第十九章:レバーが叩けない!? 勇者、最大のピンチ
「勇者様ぁぁーーーッ!!」
フリーズの結界の外にいたアリアちゃんが、硬化した俺を見て悲鳴を上げた。
「ウフフ、まずはその綺麗な顔をズタズタにしてあげる!
純増100枚のコインマシンガン、喰らいなさい!」
リリスの下腹部にあるメダル払い出し口から、刃物のように研ぎ澄まされた、血塗られた鉄メダルが音速で掃射された。
シュバババババババッ!!!
「ガ、ハッ……!?」
動けない俺の身体に、無数のメダル刃が突き刺さる。
皮膚が裂け、肉が削ぎ落とされ、鮮血が噴き出した。
痛い。
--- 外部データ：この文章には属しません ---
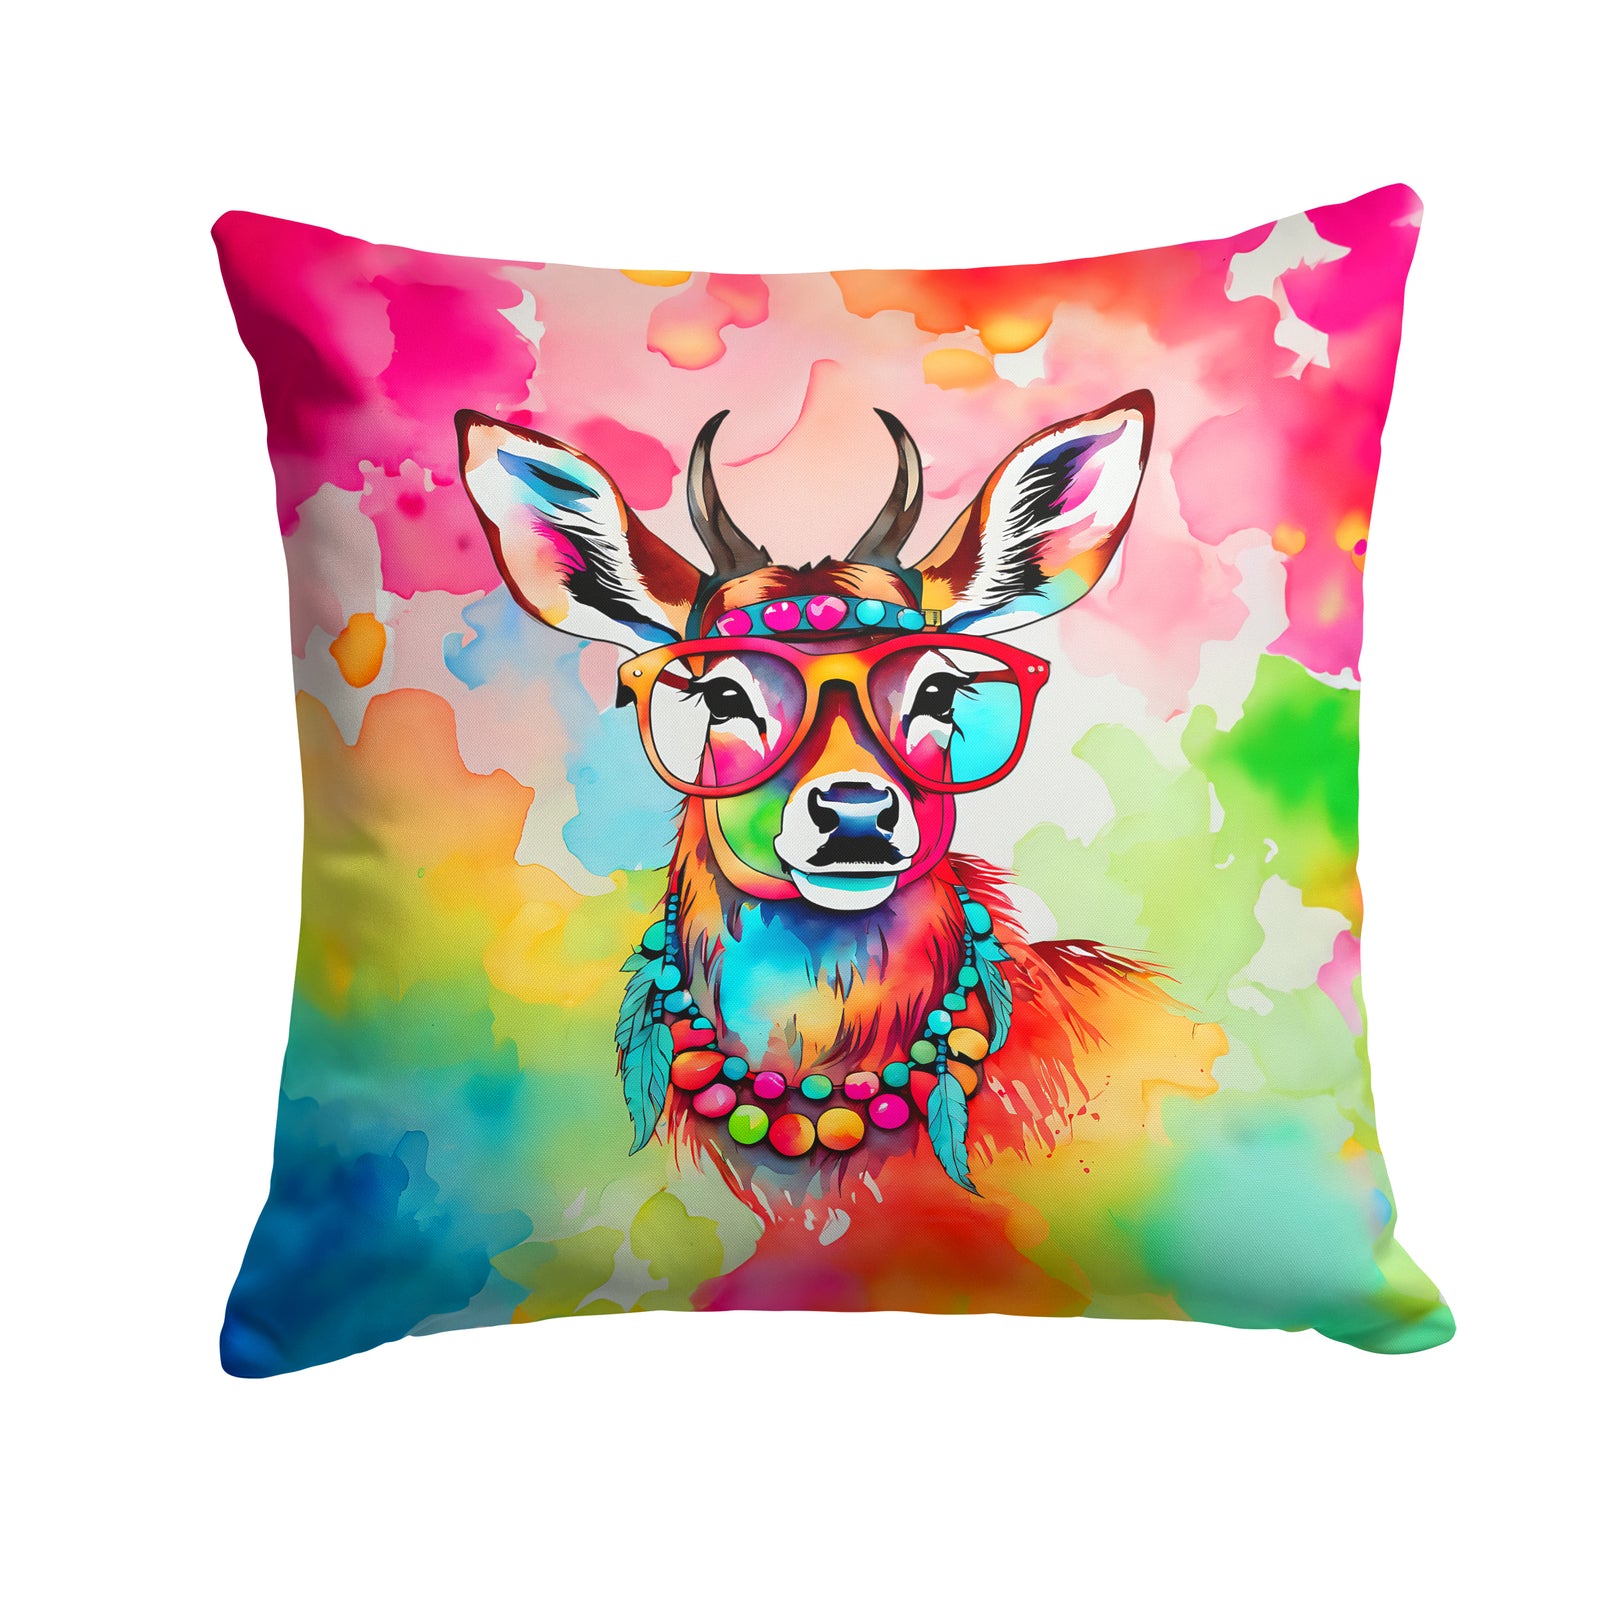 Buy this Hippie Animal Deer Throw Pillow

クソ痛い。
だが、悲鳴を上げることすら筋肉が固定されていて許されない。
肉体がジワジワとミンチにされていく生々しい恐怖。
「させませんっ! 『聖なる盾』!!」
アリアちゃんが俺の前に飛び込み、必死に魔法の障壁を展開した。
しかし、裏モノの純増100枚という圧倒的な火力の前には、聖女の結界も一瞬でヒビが入る。
ドガガガガガガガッ!!!
「嫌ぁぁぁっ!?」
漏れ出たメダル刃の風圧と衝撃波が、アリアちゃんの手に入れたばかりの高級聖職衣を容赦なく切り裂いていく。
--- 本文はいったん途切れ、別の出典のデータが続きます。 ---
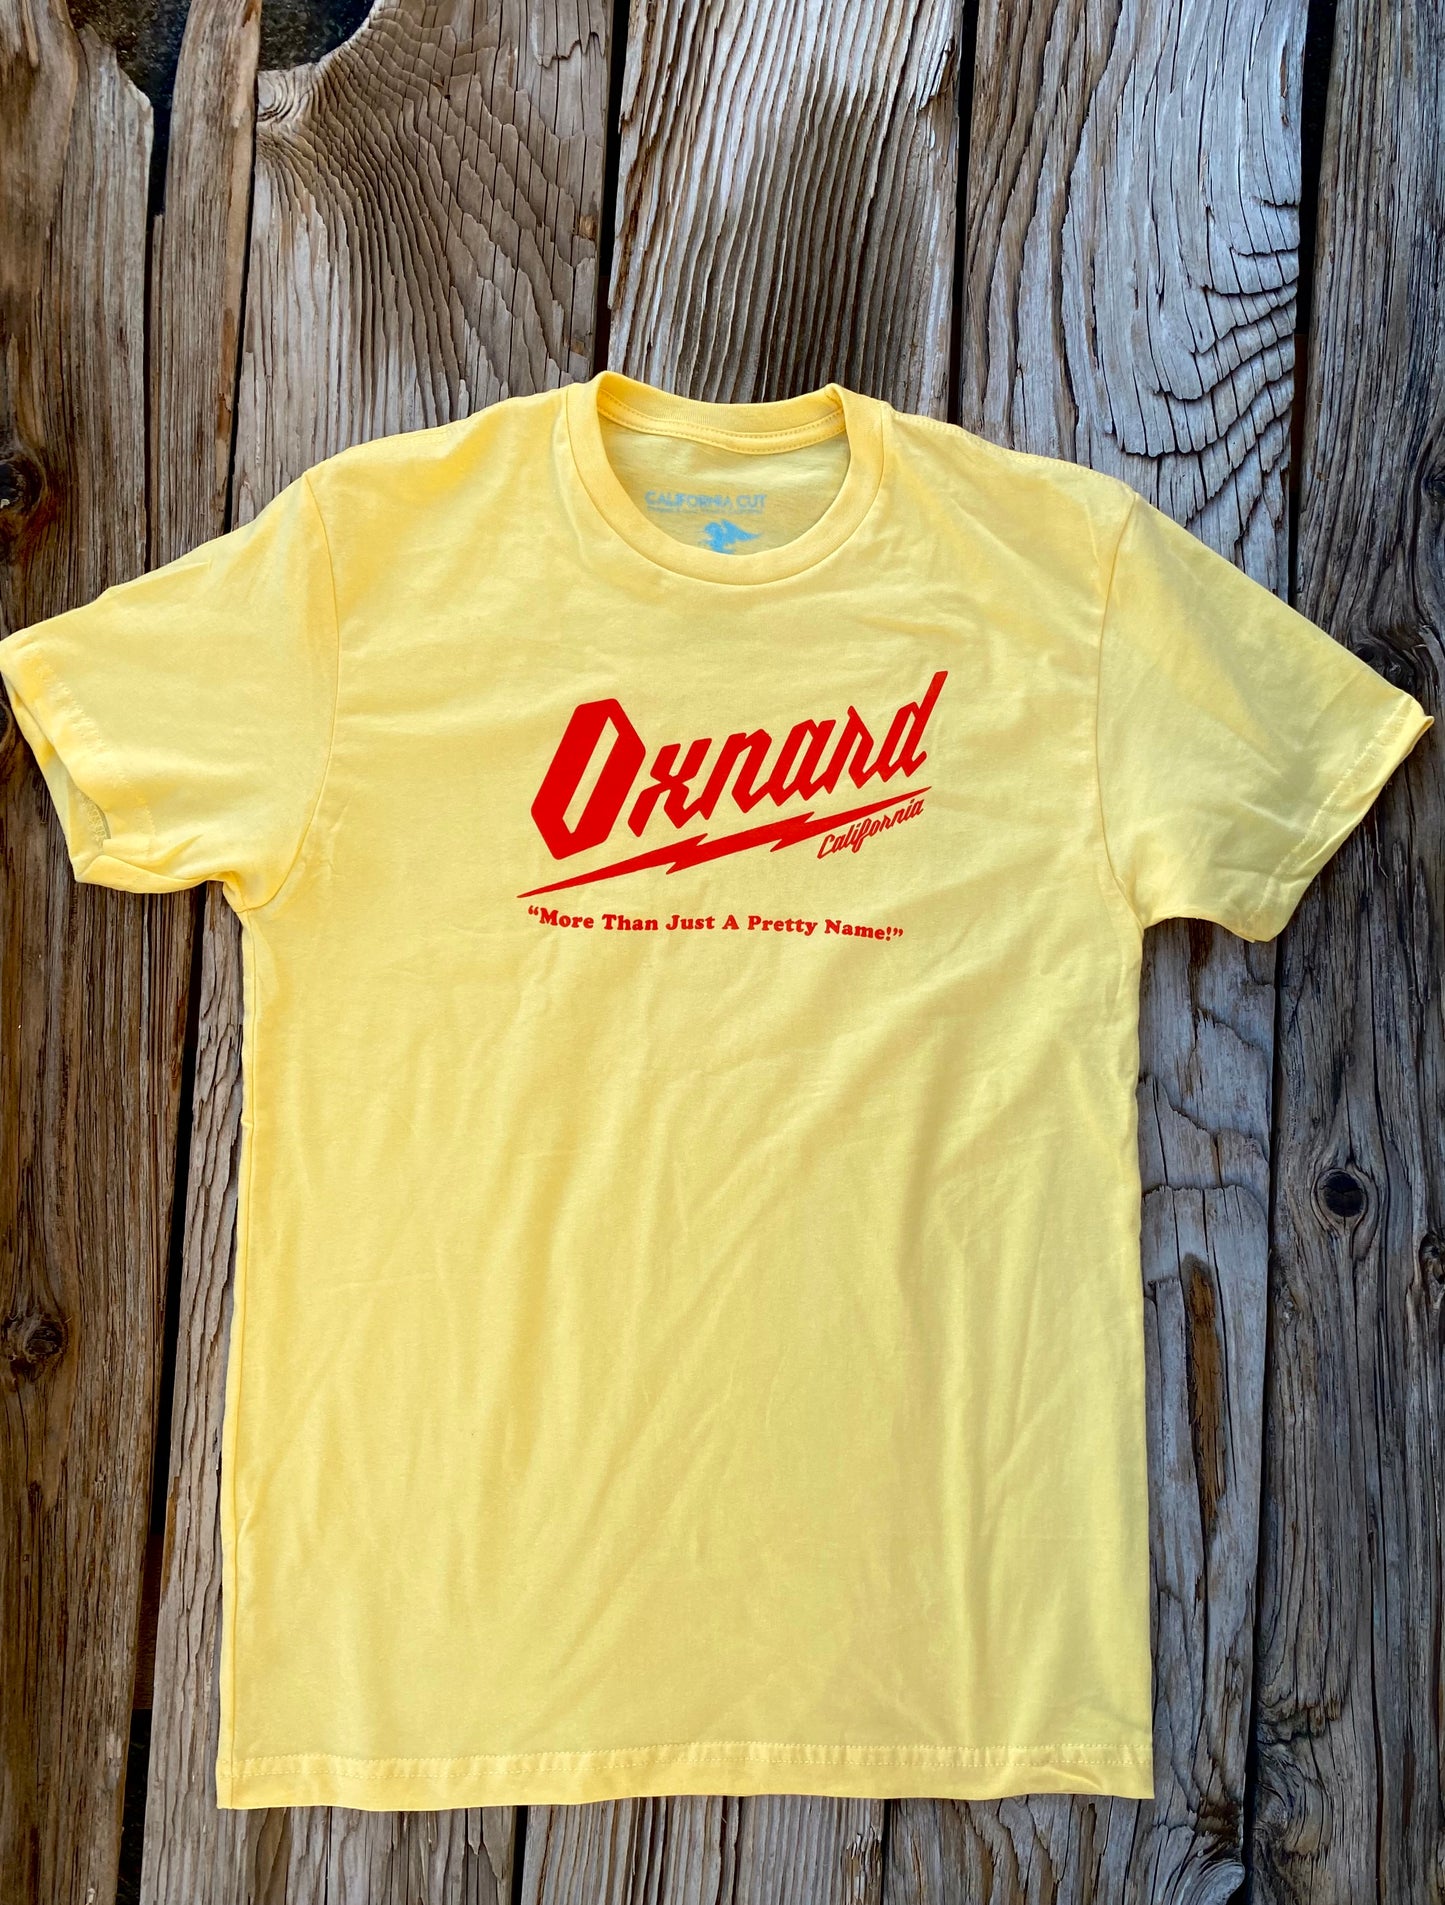 Oxnard Bolt Tshirt

ビリビリに引き裂かれた布地の間から、粘液を帯びたメダルの破片が彼女の白い肌をかすめ、太ももや脇腹から赤い血がツッと流れた。
衝撃でアリアちゃんの下着の紐がちぎれ、豊かな胸が半分以上露出した状態で、彼女は激痛に顔を歪める。
「うぅ……っ、勇者様、早く、早く動いて……私、もう、持ちません……!」
(くそっ……! レバーだ、脳内のレバーに手が届けば……!)
俺の指先から、脳内のスタートレバーまでは、距離にしてわずか数センチ。
だが、その数センチが無限の距離のように遠い。
レバーが叩けない。
パチプロがレバーを叩けないということが、これほどまでに絶望的で無力だとは思いもしなかった。
「アハハ! 終わりよ勇者! 次の一撃で、その女ごとハデに『確定(死亡)』させてあげるわぁ!!」
リリスの液晶に『DEATH』の文字が揃い、極太の破壊光線が俺たちの頭上に充填されていく。
万事休す。
設定6の最強勇者が、レバーを叩くことすらできずに敗北する——その瞬間だった。